Pero aquel hombre de piel tostada y por demás arropado, ni me miró a la cara y
ordenó una sopa de zapallo. Esa entrada era mi preferida, rápida y deliciosa;
la prepara la cocinera en cinco minutos, derritiendo cincuenta gramos de
manteca en una olla, agregándole media taza de harina, un kilo de puré de
zapallo (todos los días hervimos tres kilos de este, lo utilizamos en otras
comidas), un chorrito de leche, mezcla bien y por último una taza de caldo de
verduras. Cocina todo hasta que hierve y ¡listo! Ah, y una hojita de perejil
para decorar.
Me sorprendió lo acertado que estuvo ese
extraño personaje en la elección del plato para esa noche, aun sin mirar la
carta.
No digo que aquello estuviera mal, hay
gente que con la carta en la mano – sin abrirla - comienza a preguntar “¿Qué
puedo comer?”, tal como un niño aburrido le pegunta a su madre incesantemente “¿Qué
puedo hacer?”.Y no es que yo sea renegada, pero no puedo creer que una
desconocida –es decir, yo- termine decidiendo
por ellos el menú que cenarán. Porque una cosa es la sugerencia, esa
insinuación del plato vedette del día, y otra muy distinta, la delegación en la
elección por parte del comensal sin siquiera leer la carta. Yo pediría, como
plato principal –porque para la entrada prefiero algo conocido pero rapidito,
así uno no se come la panera entera- algo que no haría en mi casa, algo muy
elaborado, como por ejemplo, codorniz a la naranja; hay que adobar la codorniz
veinticuatro horas, después freírla (porque como frito pero no me gusta ver
embebida la comida en aceite, es como el que come carne pero no quiere ver como
matan a la vaca), volverla a juntar con el líquido del adobo, dejarla un día
mas y antes de servir hacer la salsa de naranja. Demasiado para mí. Existen
personas a las que les encanta seguir este ritual para cocinar. Mi abuela es
una de ellas. Ir a la verdulería le puede tomar una mañana entera, porque según
ella no es cuestión de tirar verduras al canasto, pesarlas e irse con la bolsa
llena y todas apretujadas. No, no, no. Mi abuela, y no es que sea obsesiva sino detallista,
determina la calidad de cada papa que pela. Dice que a estas hay que cortarlas
por la mitad y luego juntar nuevamente ambas partes, si se pegan y hacen un
poco de resistencia cuando intentas separarlas, las papas son buenas.

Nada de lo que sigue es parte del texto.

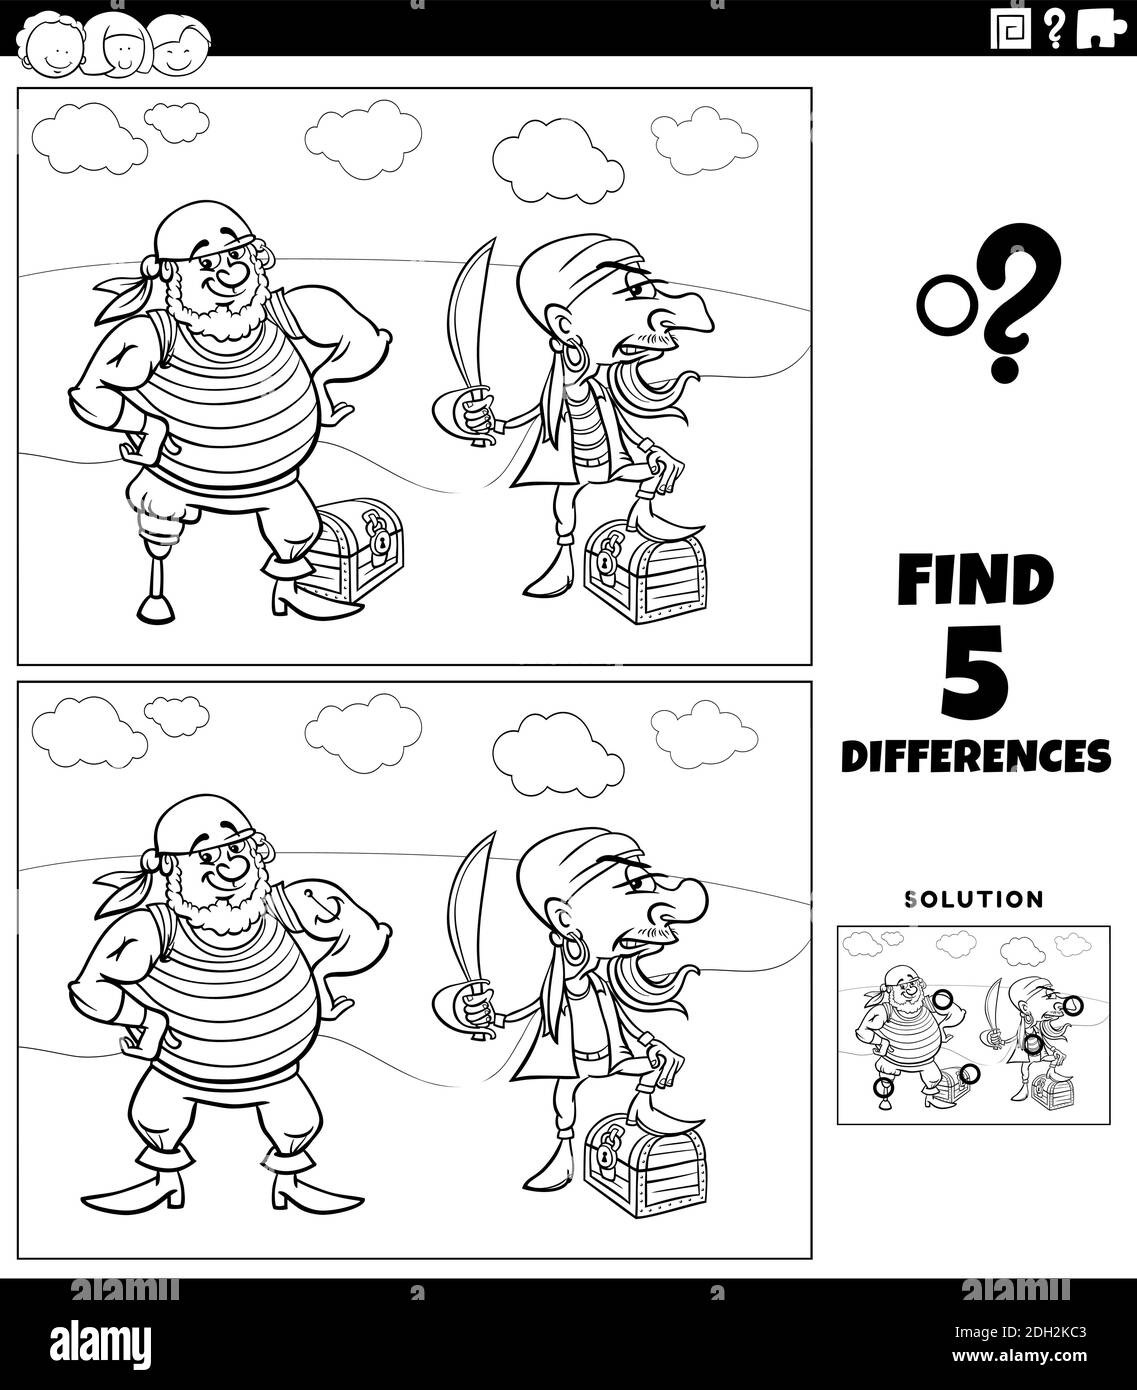 Illustration de dessin animé noir et blanc de la recherche des différences entre images jeu éducatif pour les enfants avec des pirates et leur trésor colorin Illustration de Vecteur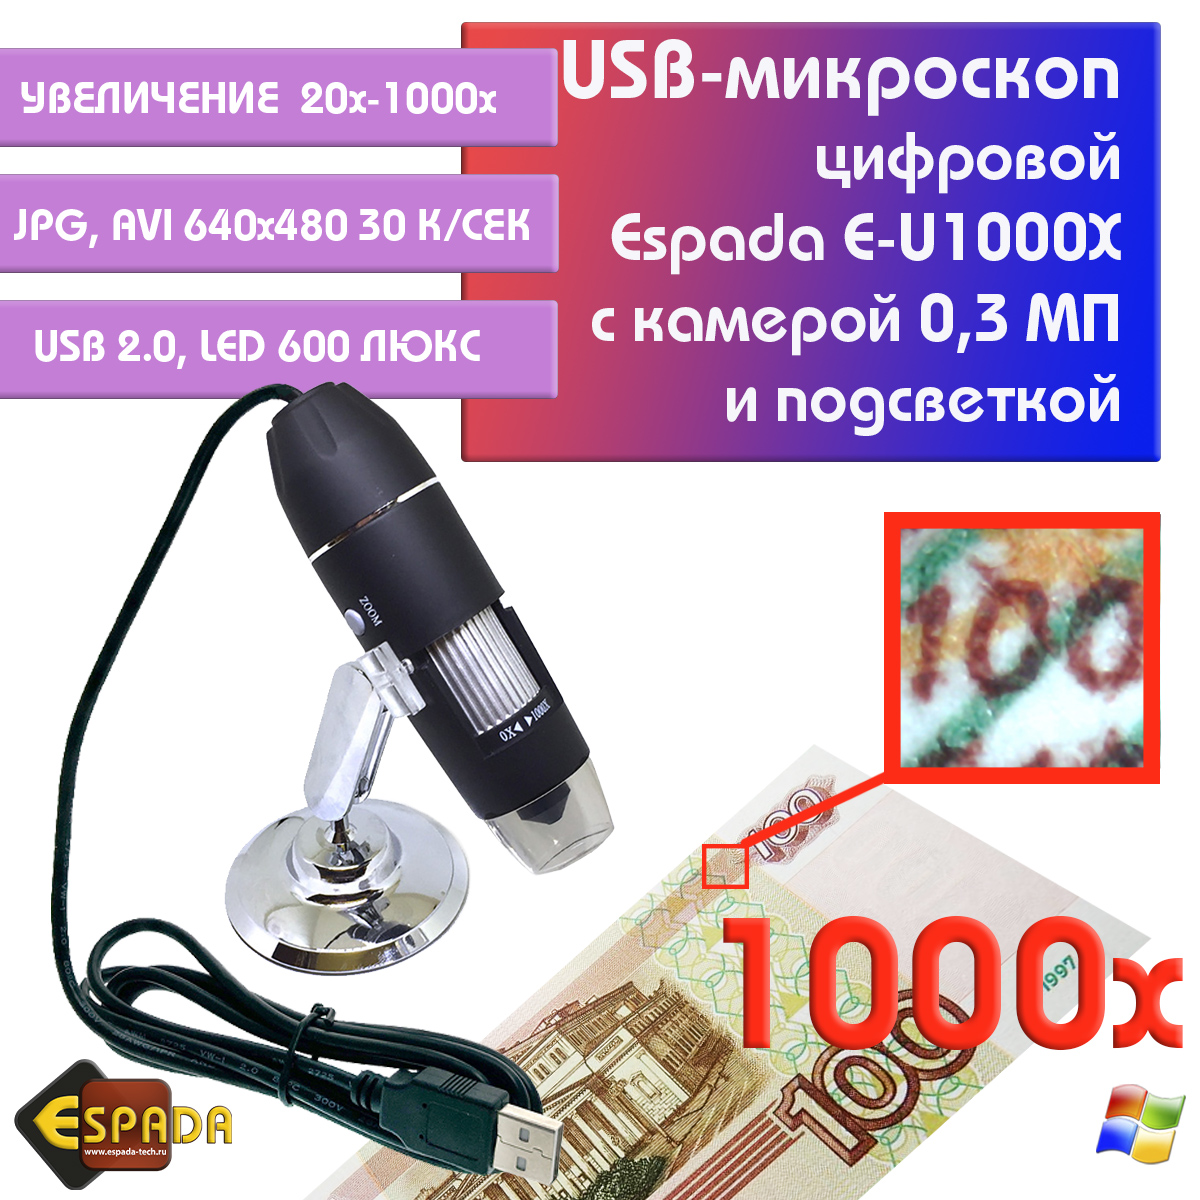 Портативный цифровой USB-микроскоп Espada E-U1000X c камерой 0,3 МП и увеличением 1000x микроскоп с usb цифровой icartool 2 мпикс 50–1000x ic v317

Pero, como bien me dice ella cuando me voy de
tema, “Que no se te pase el arroz Martita”.
Pues bien, prosigo con el relato. El
hombre sacó una libreta, un lápiz negro que lo dejó a su derecha y una goma
blanca que posó junto a él.
Su mirada iba desde esas hojas en blanco
hacia la calle vacía.
-¿A qué se debe tanto orden? – le
pregunté, mordiéndome la lenga luego de hacerlo. Me clavó la mirada. Hice un
gran esfuerzo para que los nervios no me jugaran una mala pasada y terminara la
sopa sobre su abrigo. Sentí el reto de mi madre sobre mí, tal como si fuera una
niña. Pero sin embrago, en ese momento pude ver que aquel hombre era mas bien
un joven de mi misma edad, y cuando descubrí esos ojos verdes asomando entre el
pelo despeinado, que seguramente le habría dejado su gorro al sacárselo, todo
fue peor. Un temblor invadió mi cuerpo.
-Supongo que al igual que para cocinar,
se tienen todos los ingredientes y los utensilios sobre la mesa en orden… para
escribir también. Y... me gusta escribir mientras ingiero mis alimentos, me despierta
sensaciones…- Dijo en tono seco y cortante. Demás esta decir que no volví a emitir
palabra hasta el momento de ofrecerle el postre.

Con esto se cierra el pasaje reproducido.